Proportion of the number of protein-identifying peptides for Phaeobacter inhibens (a, b) and Desulfobacula toluolica (c, d) samples. Gradient times and column lengths are indicated on the horizontal axis. C-IT, classic ion trap; I-IT, improved ion trap.

Fig. 4

Proportion of the number of protein-identifying peptides for Phaeobacter inhibens (a, b) and Desulfobacula toluolica (c, d) samples. Gradient times and column lengths are indicated on the horizontal axis. C-IT, classic ion trap; I-IT, improved ion trap.

Close modal

The relative distribution of identifying peptides per protein changed with increasing gradient length. Generally, while the share of proteins identified by 2, 3, and 4 peptides remained rather stable, the share of single peptide identifications decreased (e.g., from 40 to 25%, P. inhibens, 50 cm column, C-IT) as the 5+ peptide identifications increased (e.g., from 15 to 30%, P. inhibens, 50 cm column, C-IT; Fig. 4) with 2 exceptions: (i) P. inhibens samples with 25 cm column coupled to C-IT detection (Fig. 4a) (here, the number of single peptide identifications successively increased while 5+ identifications decreased for the 240, 360, and 480 min gradients [note the stable number of detected peptides and proteins for these setups; Fig. 2a]) and (ii) D. toluolica samples analyzed with the 15 cm column and C-IT detection, where the relative distribution is similar for all gradients (Fig. 4c). This stability may be attributed to the lower protein diversity of the D. toluolica proteome coupled to a higher dynamic range of protein abundance as compared to P. inhibens. Apparently, D. toluolica forms proteins essential for growth under given conditions in large amounts, while less important proteins remain lowly abundant [Wöhlbrand et al., 2013, 2016]. In contrast, P. inhibens forms a large number of different proteins with rather homogenous abundance [Zech et al., 2013]. In case of D. toluolica, the most intense peptide ions automatically selected for MS/MS belong to highly abundant proteins, which are, therefore, identified with a large number of identifying peptides. Elongation of the gradient applied will select more peptides of these abundant proteins, but also single peptides of lower abundant proteins that are newly identified, such that both single and 5+ peptide detection increases likewise. For longer columns, as well as I-IT detection, a larger fraction of the D. toluolica proteome is covered, including a large share of lowly abundant proteins (see section Comparison of Analysis Sets). In case of the P. inhibens samples, the higher protein diversity and lower abundance range render more proteins detectable though with a lower number of identifying peptides. Due to the more homogeneous abundance, elongated gradients mainly increase the number of identifying peptides per protein and to a lower extend yield new, single peptide identifications.
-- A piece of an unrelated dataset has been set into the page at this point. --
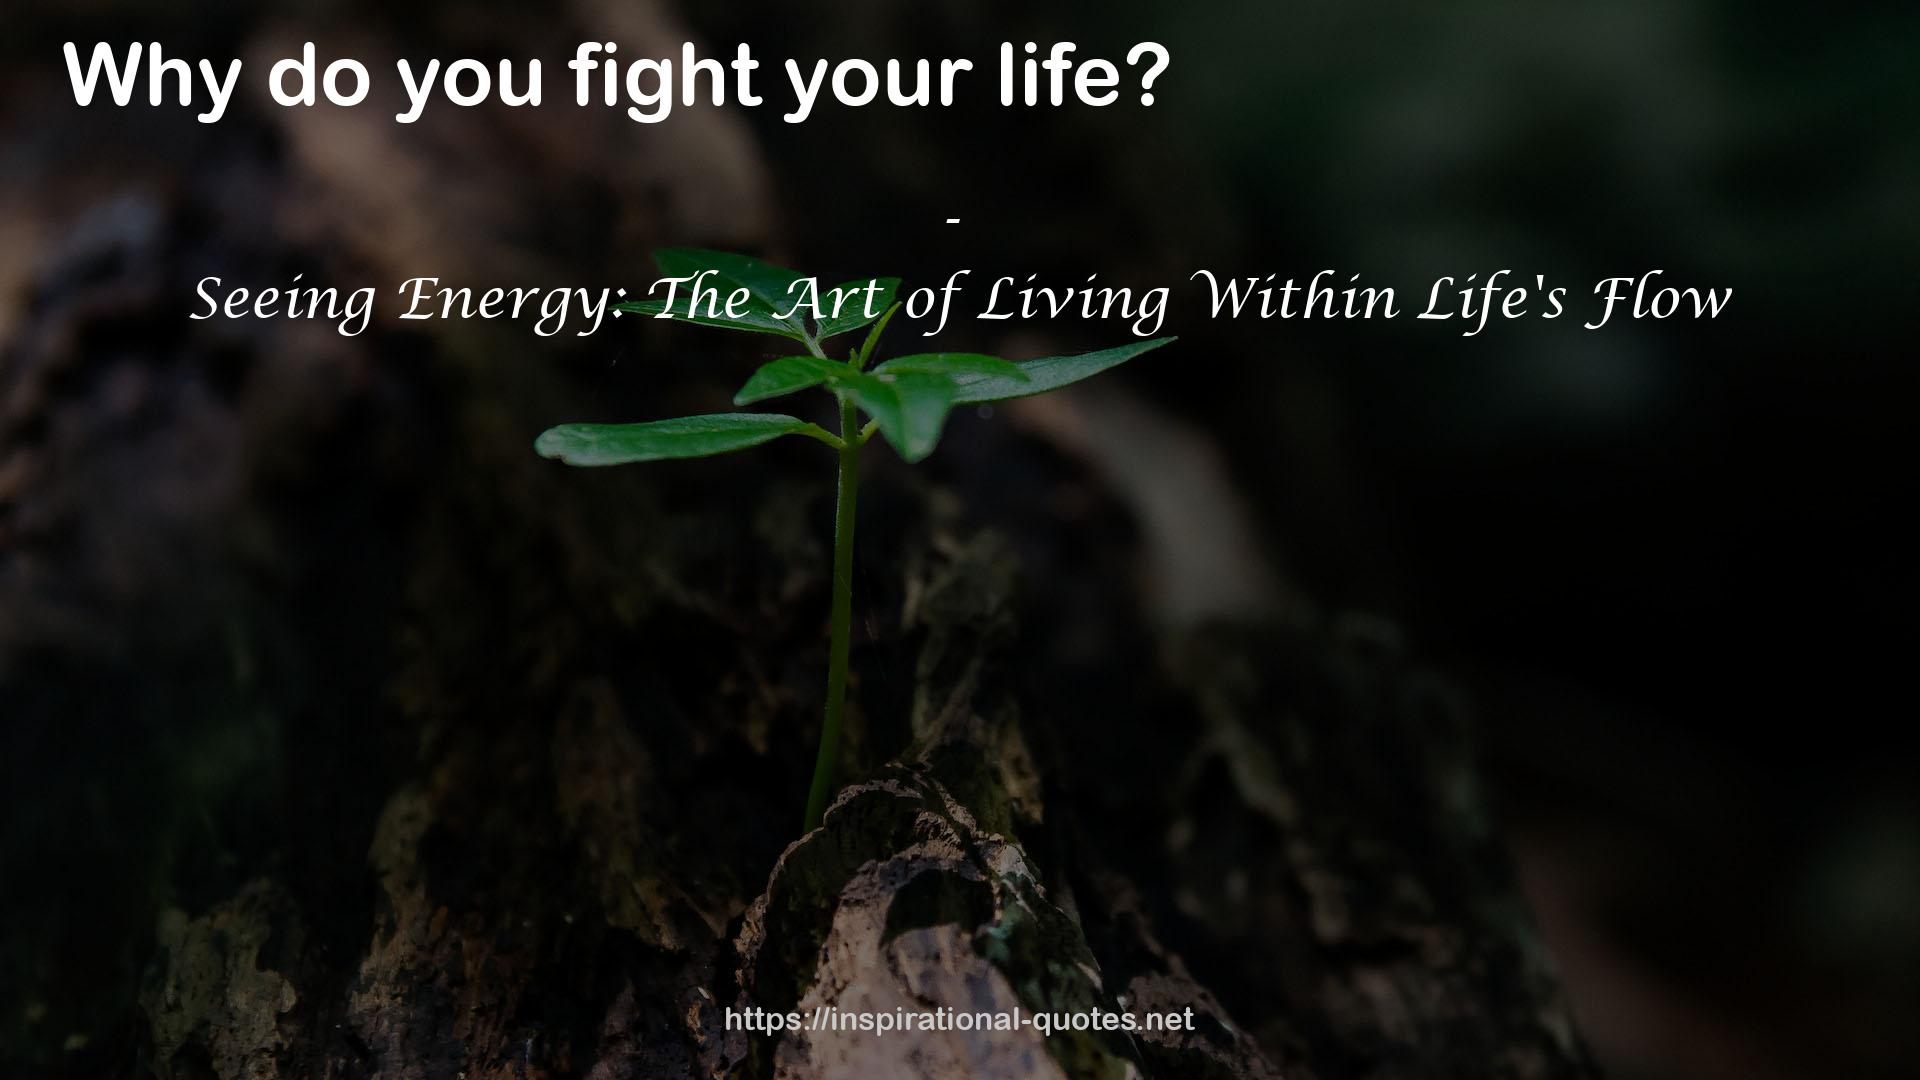 Seeing Energy: The Art of Living Within Life's Flow QUOTES

The identification score of proteins detected in all analysis sets of a distinct column setup mostly increased with prolonged gradient time until reaching a plateau of stable scores (online suppl. Fig. S2, S3), similar to the number of protein-identifying peptides. The share of proteins with increasing score steadily decreased, while that of proteins with unchanged score increased correspondingly (up to 69%). Only a low number of proteins revealed decreased identification scores. Interestingly, in case of P. inhibens samples applying the 25 cm column and C-IT detection, a rather high share of proteins (41%) revealed a decreased score when comparing the 240 and 360 min analyses (online suppl. Fig. S2C), while scores are similar for the 360 and 480 min analyses. Hence, it seems likely that detection conditions are unfavorable at this gradient (e.g., due to large amounts of coeluting peptides promoting ionization suppression and a higher requirement for MS/MS than possible). This is in agreement with the rather constant number of detected proteins and peptides of these analysis sets (Fig. 2a, c). Overall, with increasing gradient time, more spectra of detectable peptides per protein are acquired until reaching maximal coverage and, therefore, a stable identification score.

Influence of MS/MS Frequency

To assess the influence of the mass-spectrometric detection on protein and peptide identification, the number of identified proteins was related to the corresponding number of peptides (online suppl. Fig. S5A, B), and the number of proteins or peptides detected by I-IT were compared to those of C-IT detection (online suppl. Fig. S5C-F). Irrespective of the column and gradient used, application of I-IT detection allowed for 50 and 30% more identified proteins in case of P. inhibens and D. toluolica samples, respectively (online suppl. Fig. S5C, D). This improvement was even more pronounced considering peptide detection, revealing a 70% increase for the more complex P. inhibens samples (40% for D. toluolica samples, online suppl. Fig. S5E, F), though not fully reflecting the twice-as-high MS/MS frequency. An increased MS/MS frequency does not necessarily increase peptide detections by the same factor, since (i) not all acquired peptide MS/MS spectra have a sufficient quality to be considered for subsequent identification and (ii) not only peptides but also other compounds of the eluent may be selected for MS/MS. Overall, the benefit of a higher MS/MS frequency is larger for samples of high complexity.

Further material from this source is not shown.